Appellants' final argument is that the district court erred by failing to make findings of fact regarding the objections to the class settlement. This court has held that a district court need not respond to objections with findings of fact and conclusions of law if the court "provide[s] a reasoned response elsewhere in the record." In re Pacific Enterprises Sec. Lit., 47 F.3d 373, 377 (9th Cir. 1995). In In re Pacific Enterprises, this court held that a district judge satisfied this procedural requirement even though he stated in conclusory fashion that the settlement was "fair, reasonable and adequate" where the record reflected that the judge held an extensive hearing where he responded to objections. Id.
In this case the district judge held a fairness hearing, to which he invited all objectors, and responded to the objections raised. In addition, the district judge outlined those objections, gave his responses, and stated why he believed the settlement to be fair, reasonable, and adequate in a 16-page Order and a 7-page Judgment. There is no merit to the argument that the district judge failed to provide a reasoned response to the objections raised.
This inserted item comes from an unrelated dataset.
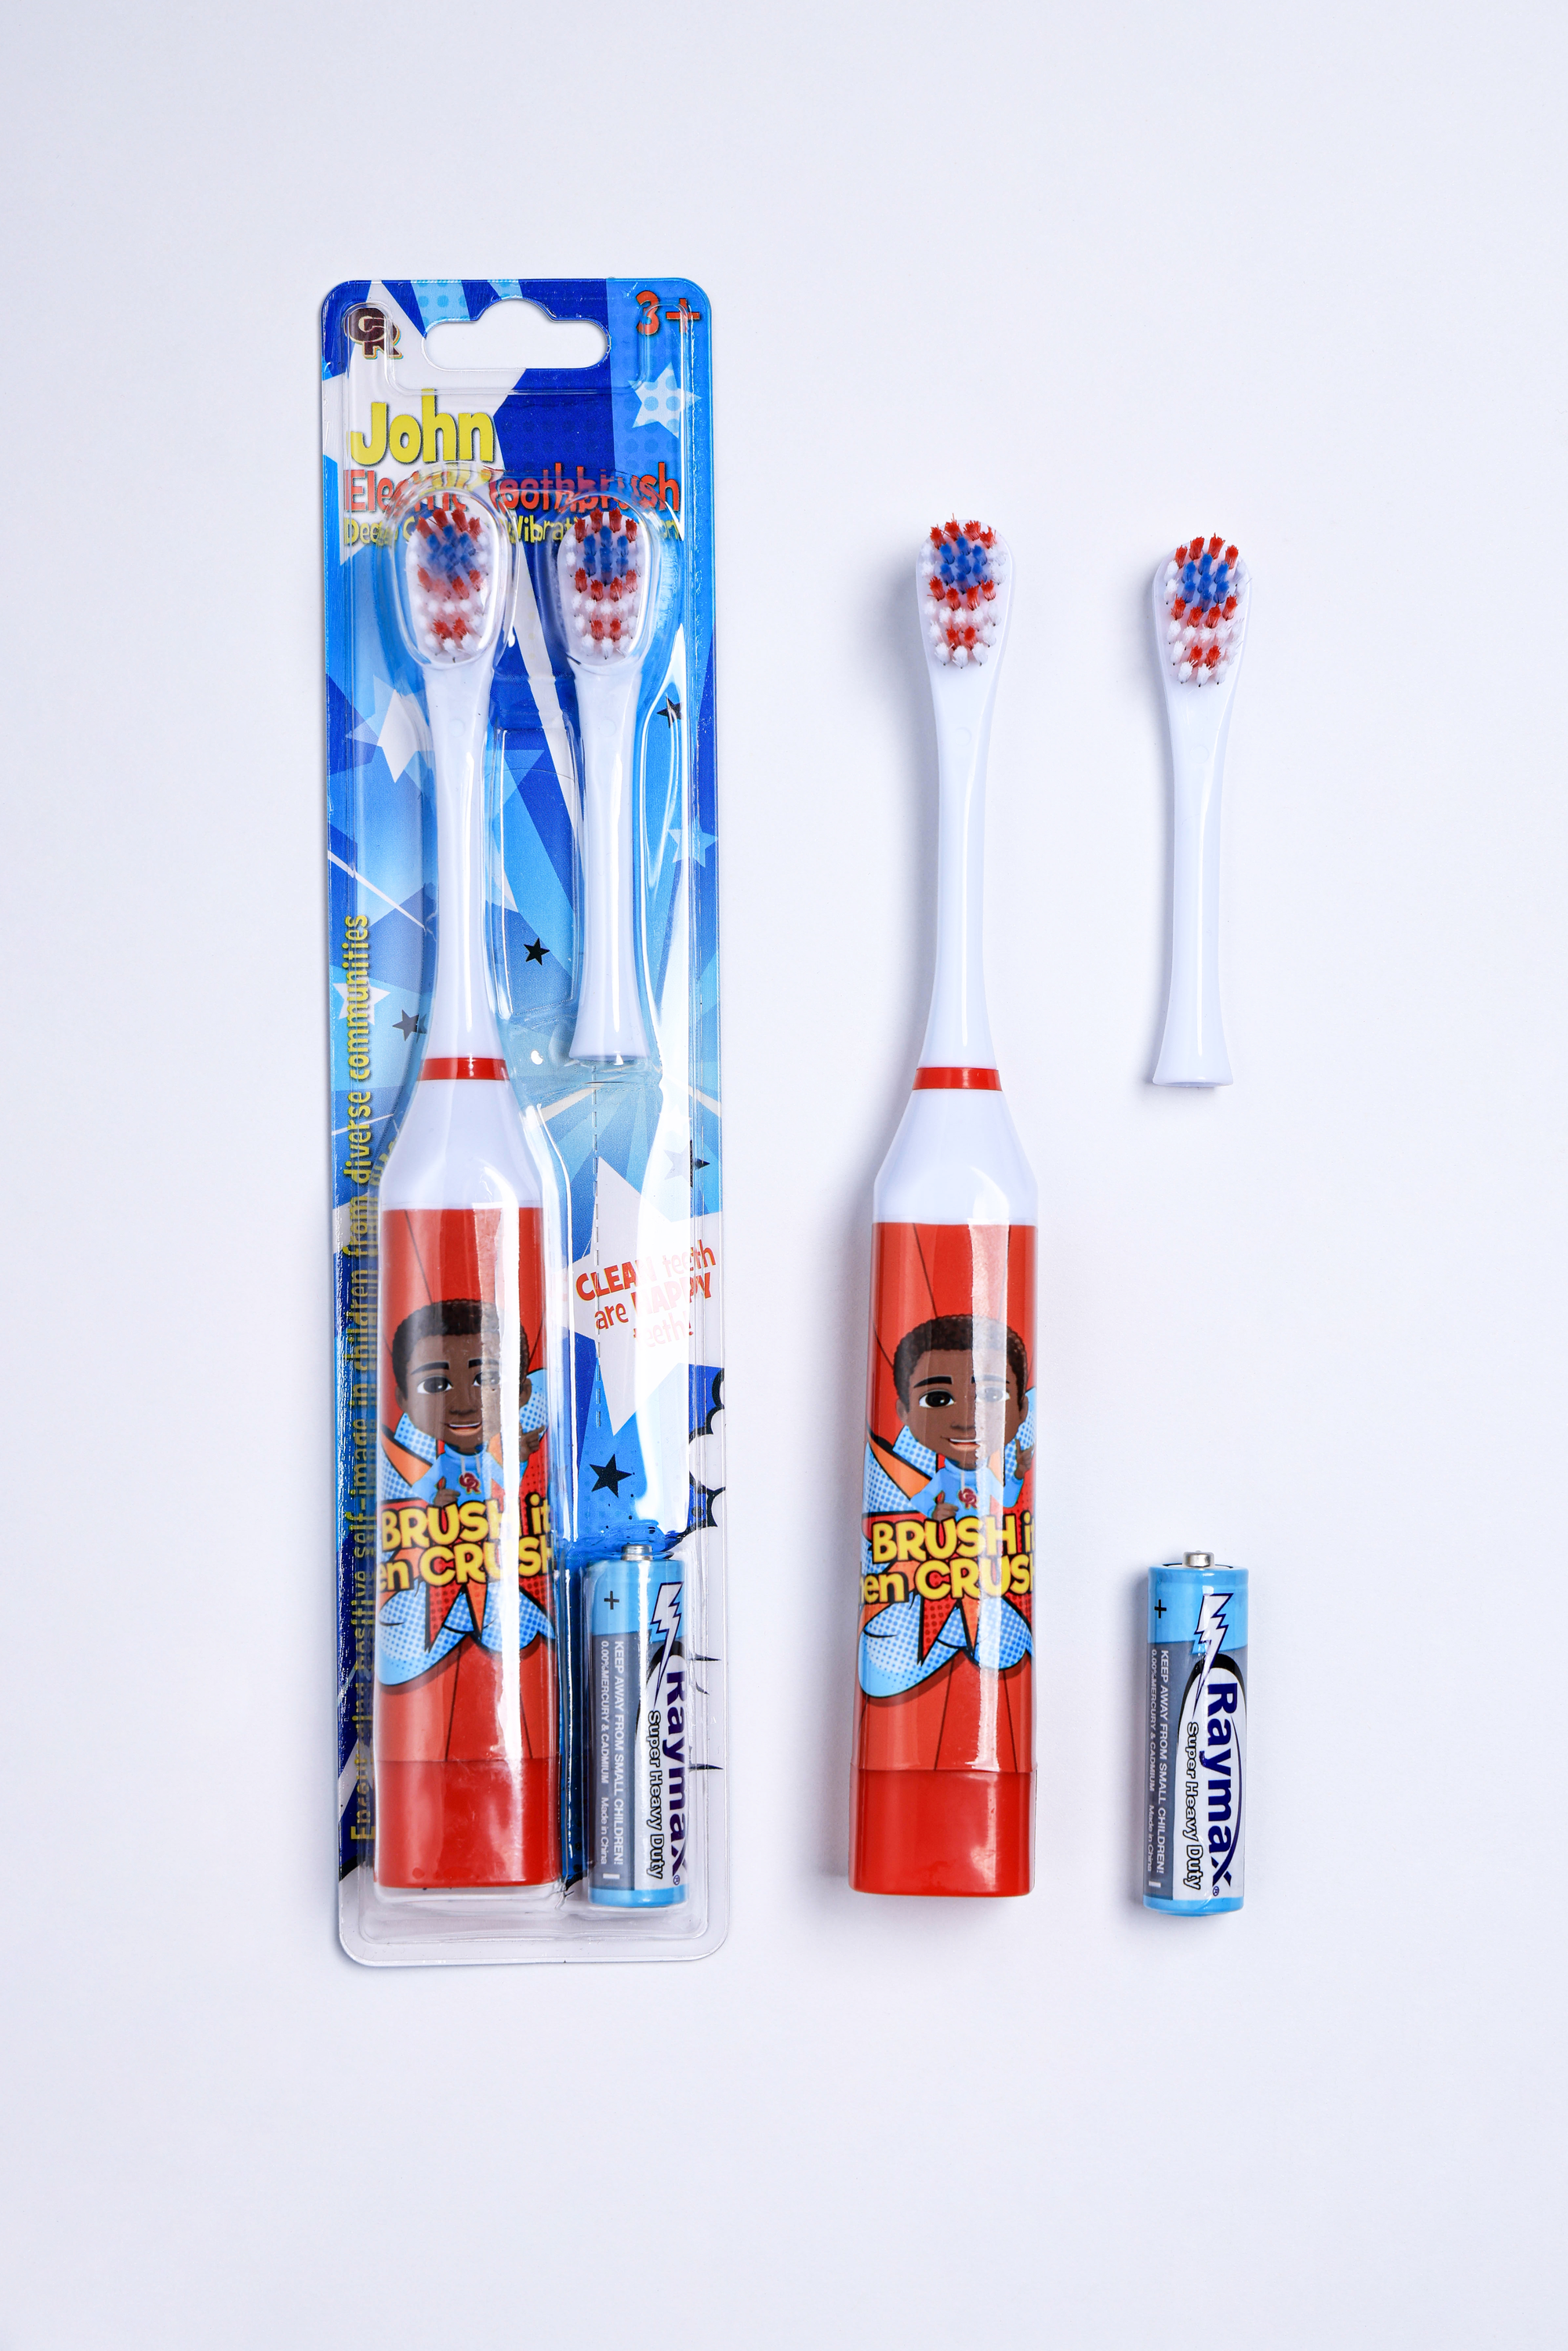 John Electric Toothbrush

We affirm the district court's judgment certifying the class and settlement in this case. There is no per se rule that the continued participation by previous class counsel, whose conflict of interest led the district court previously to deny class certification, constitutes inadequate representation under Rule 23(a). In all other respects, the vague, conclusory, and often unsupported arguments of appellants provide no basis for holding that the district court abused its discretion.